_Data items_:
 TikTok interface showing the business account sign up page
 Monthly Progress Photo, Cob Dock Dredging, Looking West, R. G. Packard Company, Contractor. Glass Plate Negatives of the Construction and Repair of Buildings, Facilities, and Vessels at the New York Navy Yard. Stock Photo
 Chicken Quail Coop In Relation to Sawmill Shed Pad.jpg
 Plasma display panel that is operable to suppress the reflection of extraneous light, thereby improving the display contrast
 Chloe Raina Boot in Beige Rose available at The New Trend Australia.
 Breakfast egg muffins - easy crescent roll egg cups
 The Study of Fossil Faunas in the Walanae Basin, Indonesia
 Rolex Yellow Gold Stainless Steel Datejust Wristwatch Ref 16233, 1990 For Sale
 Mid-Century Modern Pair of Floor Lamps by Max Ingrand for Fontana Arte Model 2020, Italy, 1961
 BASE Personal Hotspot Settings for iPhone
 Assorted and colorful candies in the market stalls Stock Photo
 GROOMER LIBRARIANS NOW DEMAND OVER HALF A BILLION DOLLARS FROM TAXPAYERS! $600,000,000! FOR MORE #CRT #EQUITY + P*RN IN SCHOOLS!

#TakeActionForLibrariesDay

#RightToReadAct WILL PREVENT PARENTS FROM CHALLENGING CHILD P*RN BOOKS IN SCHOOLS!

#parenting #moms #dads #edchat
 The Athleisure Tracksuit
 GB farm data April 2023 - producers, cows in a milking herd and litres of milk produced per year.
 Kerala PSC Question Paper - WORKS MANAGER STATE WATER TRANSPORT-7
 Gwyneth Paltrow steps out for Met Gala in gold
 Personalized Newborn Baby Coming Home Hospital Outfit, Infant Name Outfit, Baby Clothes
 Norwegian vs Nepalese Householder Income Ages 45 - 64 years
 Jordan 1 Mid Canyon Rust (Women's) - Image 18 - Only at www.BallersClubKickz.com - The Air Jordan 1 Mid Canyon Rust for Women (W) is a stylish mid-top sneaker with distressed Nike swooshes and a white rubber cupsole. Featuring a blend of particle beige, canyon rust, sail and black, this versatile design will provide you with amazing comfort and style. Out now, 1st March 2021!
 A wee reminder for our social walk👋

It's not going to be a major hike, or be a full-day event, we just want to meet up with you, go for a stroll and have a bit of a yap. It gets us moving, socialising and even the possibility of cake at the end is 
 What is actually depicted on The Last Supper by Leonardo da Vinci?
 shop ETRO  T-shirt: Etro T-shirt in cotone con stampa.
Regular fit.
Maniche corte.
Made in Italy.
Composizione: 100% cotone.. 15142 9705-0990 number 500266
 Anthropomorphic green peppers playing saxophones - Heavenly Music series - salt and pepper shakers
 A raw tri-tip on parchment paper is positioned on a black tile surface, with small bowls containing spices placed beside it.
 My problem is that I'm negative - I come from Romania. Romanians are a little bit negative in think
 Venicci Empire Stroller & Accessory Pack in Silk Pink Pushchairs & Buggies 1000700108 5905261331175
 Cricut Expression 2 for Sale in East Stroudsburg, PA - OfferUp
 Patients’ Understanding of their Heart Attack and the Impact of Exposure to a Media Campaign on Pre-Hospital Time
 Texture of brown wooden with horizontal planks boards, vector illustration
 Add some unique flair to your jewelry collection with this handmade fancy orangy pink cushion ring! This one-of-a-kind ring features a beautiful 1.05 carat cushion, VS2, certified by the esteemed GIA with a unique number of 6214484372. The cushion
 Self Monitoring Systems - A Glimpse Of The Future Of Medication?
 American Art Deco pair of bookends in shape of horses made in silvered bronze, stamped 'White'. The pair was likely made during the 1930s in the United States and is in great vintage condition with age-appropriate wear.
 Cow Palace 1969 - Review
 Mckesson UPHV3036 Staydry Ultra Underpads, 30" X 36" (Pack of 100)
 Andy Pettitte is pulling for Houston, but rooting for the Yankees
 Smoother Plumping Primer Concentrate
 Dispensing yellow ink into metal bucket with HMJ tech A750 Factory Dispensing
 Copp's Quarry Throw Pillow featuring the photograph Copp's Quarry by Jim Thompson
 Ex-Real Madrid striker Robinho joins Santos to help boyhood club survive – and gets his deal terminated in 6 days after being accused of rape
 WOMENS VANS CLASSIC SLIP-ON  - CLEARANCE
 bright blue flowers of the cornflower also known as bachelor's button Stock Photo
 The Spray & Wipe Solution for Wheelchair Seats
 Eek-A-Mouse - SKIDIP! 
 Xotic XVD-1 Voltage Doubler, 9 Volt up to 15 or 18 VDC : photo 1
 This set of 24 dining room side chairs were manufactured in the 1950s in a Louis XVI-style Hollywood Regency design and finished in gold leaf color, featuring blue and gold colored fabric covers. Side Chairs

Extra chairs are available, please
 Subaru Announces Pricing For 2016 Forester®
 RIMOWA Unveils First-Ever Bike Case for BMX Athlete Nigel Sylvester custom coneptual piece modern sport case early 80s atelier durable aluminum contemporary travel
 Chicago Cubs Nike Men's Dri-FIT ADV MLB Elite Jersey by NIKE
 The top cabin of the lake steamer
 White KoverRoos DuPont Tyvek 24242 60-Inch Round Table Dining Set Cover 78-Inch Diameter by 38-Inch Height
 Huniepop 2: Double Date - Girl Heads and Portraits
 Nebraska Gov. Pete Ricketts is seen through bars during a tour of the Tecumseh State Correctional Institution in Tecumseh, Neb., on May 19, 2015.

_WHAT YOU ARE ASKED TO DO_: Using the entries above, find all lines with "SCHOOLS". Copy them.

_EXERCISE SOLUTION_:
 GROOMER LIBRARIANS NOW DEMAND OVER HALF A BILLION DOLLARS FROM TAXPAYERS! $600,000,000! FOR MORE #CRT #EQUITY + P*RN IN SCHOOLS!
#RightToReadAct WILL PREVENT PARENTS FROM CHALLENGING CHILD P*RN BOOKS IN SCHOOLS!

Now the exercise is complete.